■ Exercise directions ■
Your answer must be an exact copy of the listing that follows, with all pictures omitted.

--- Dataset extract Enclosed Below ---

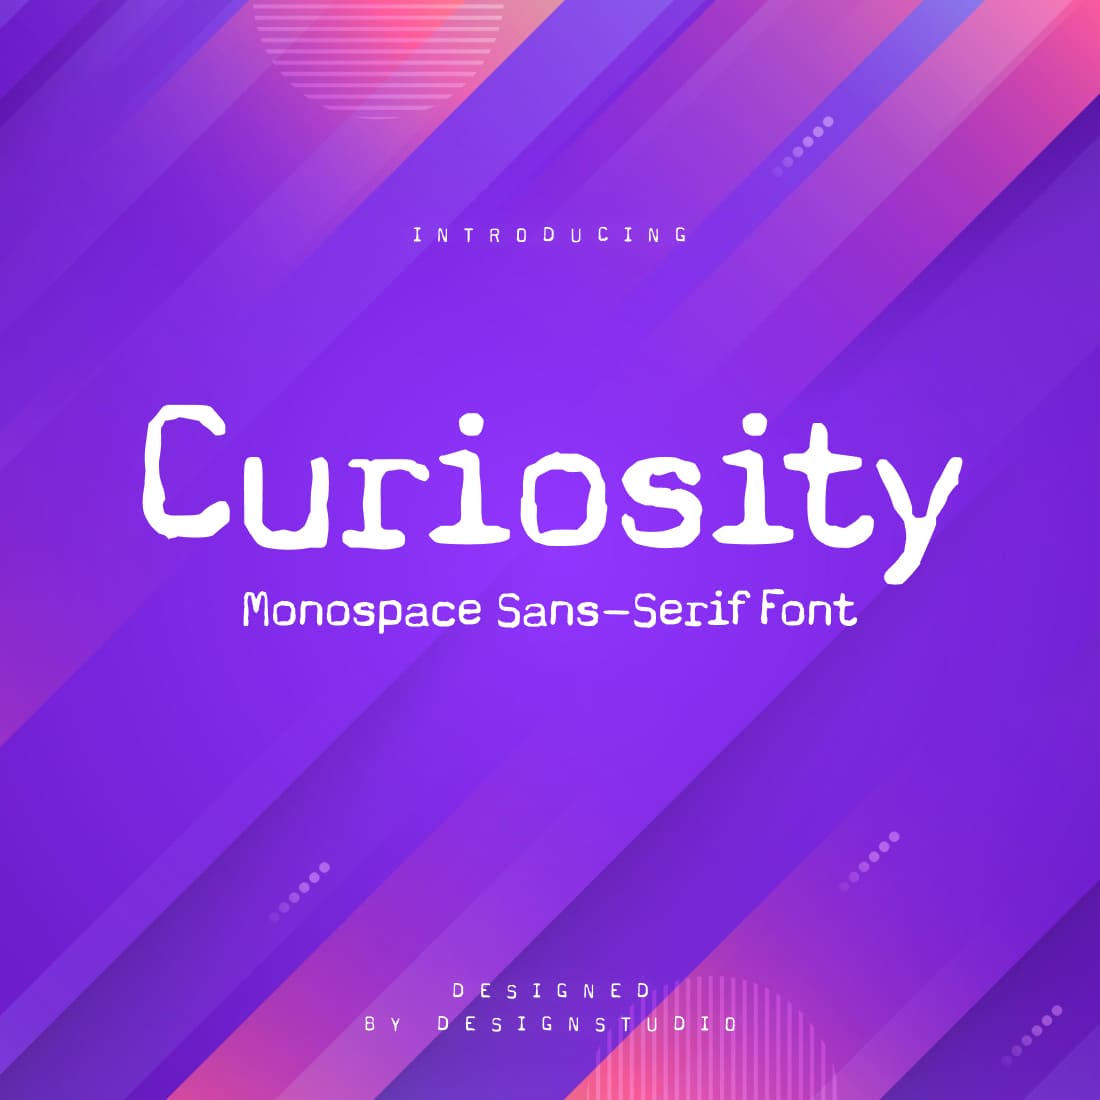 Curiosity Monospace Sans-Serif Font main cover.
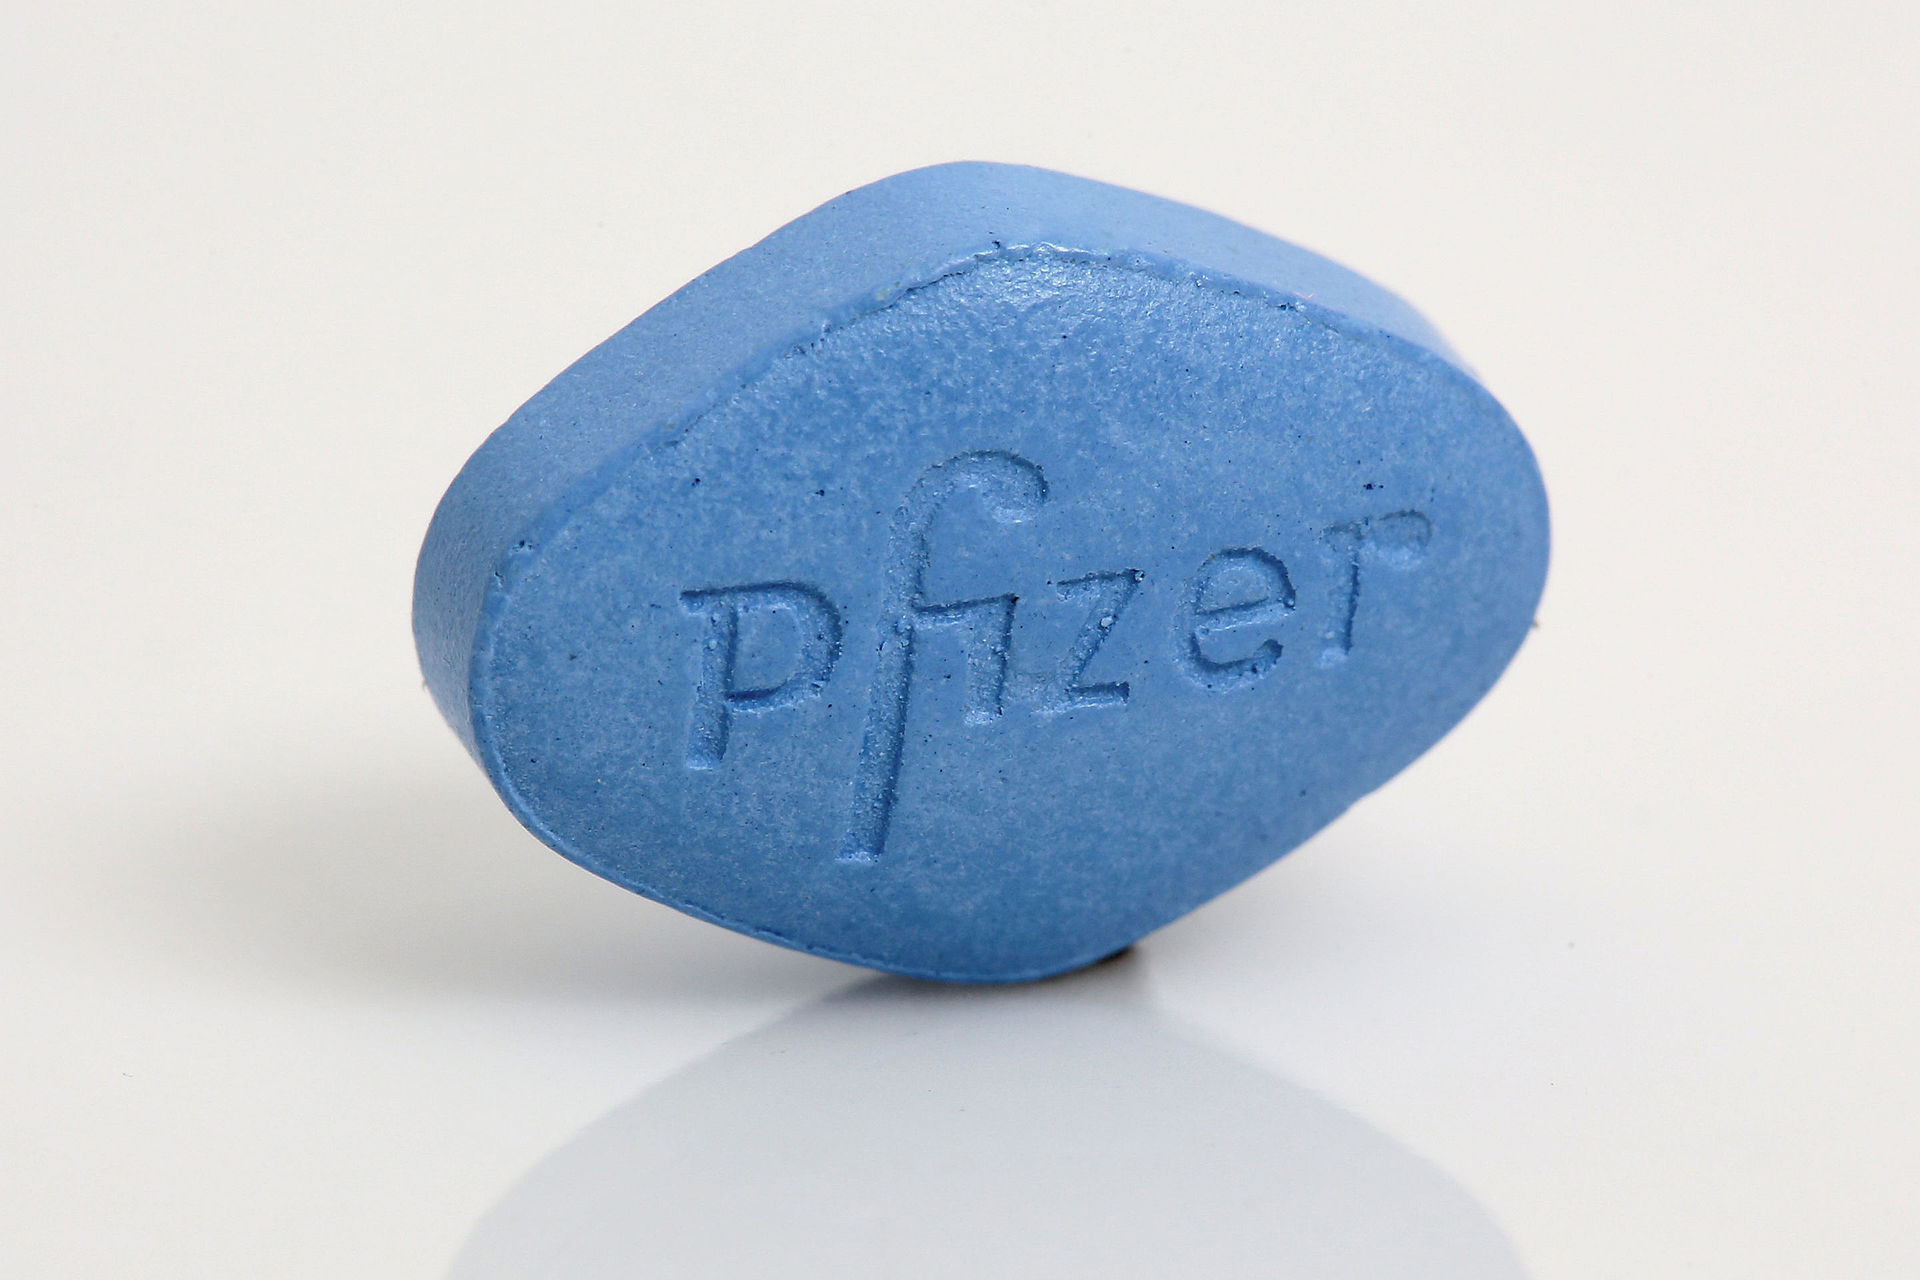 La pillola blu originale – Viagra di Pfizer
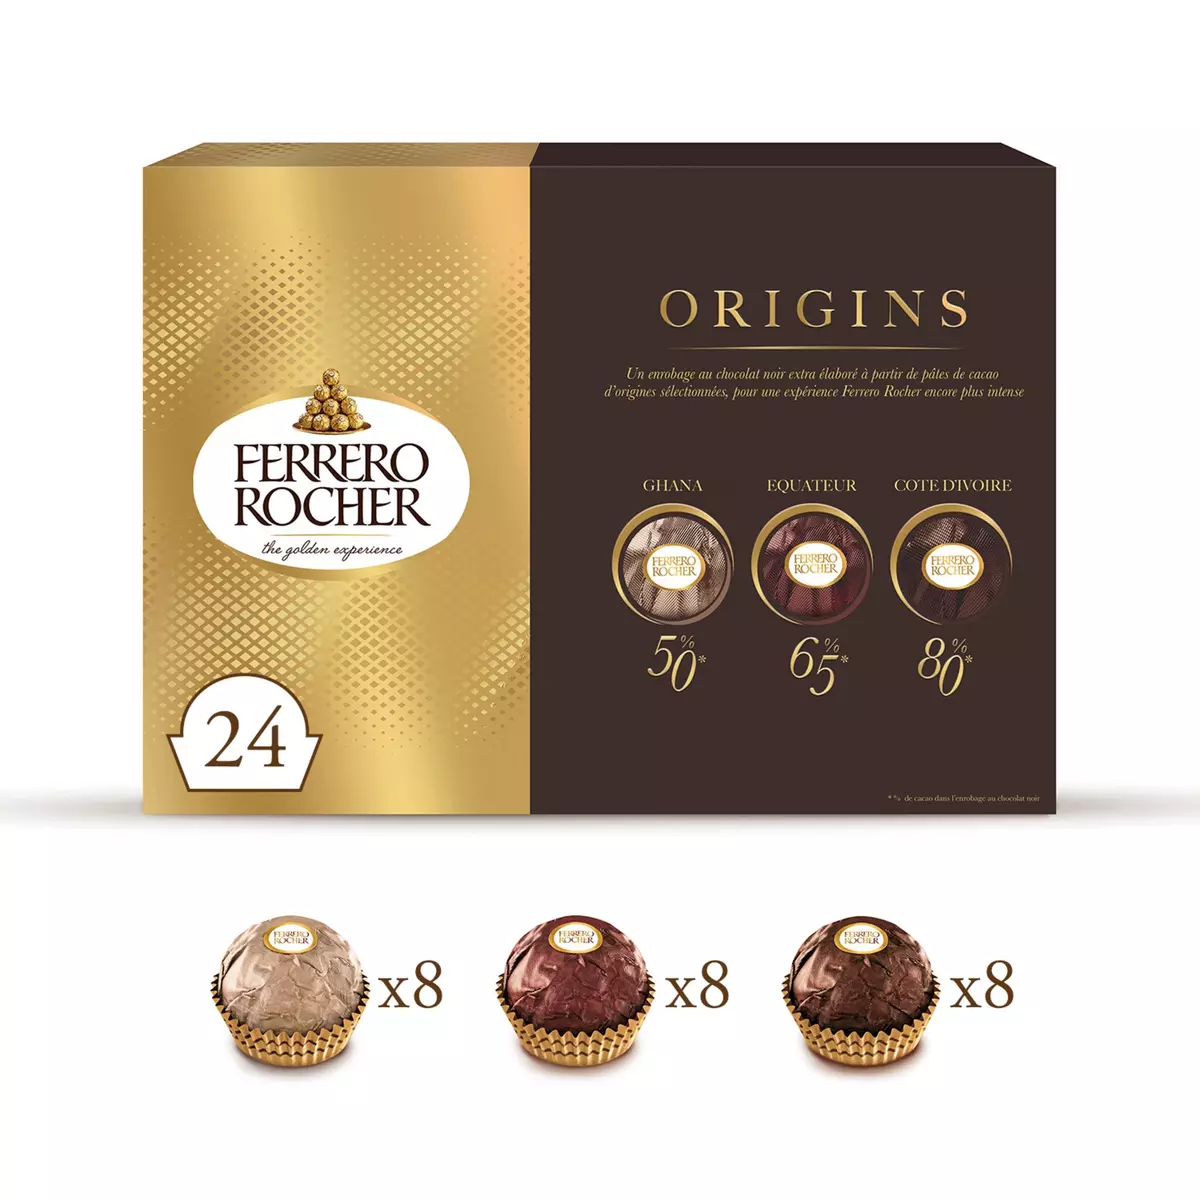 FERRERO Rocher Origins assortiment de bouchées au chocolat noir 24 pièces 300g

--- End of Enclosed Dataset extract ---

■ Result of this task ■
 Curiosity Monospace Sans-Serif Font main cover.
 La pillola blu originale – Viagra di Pfizer
 FERRERO Rocher Origins assortiment de bouchées au chocolat noir 24 pièces 300g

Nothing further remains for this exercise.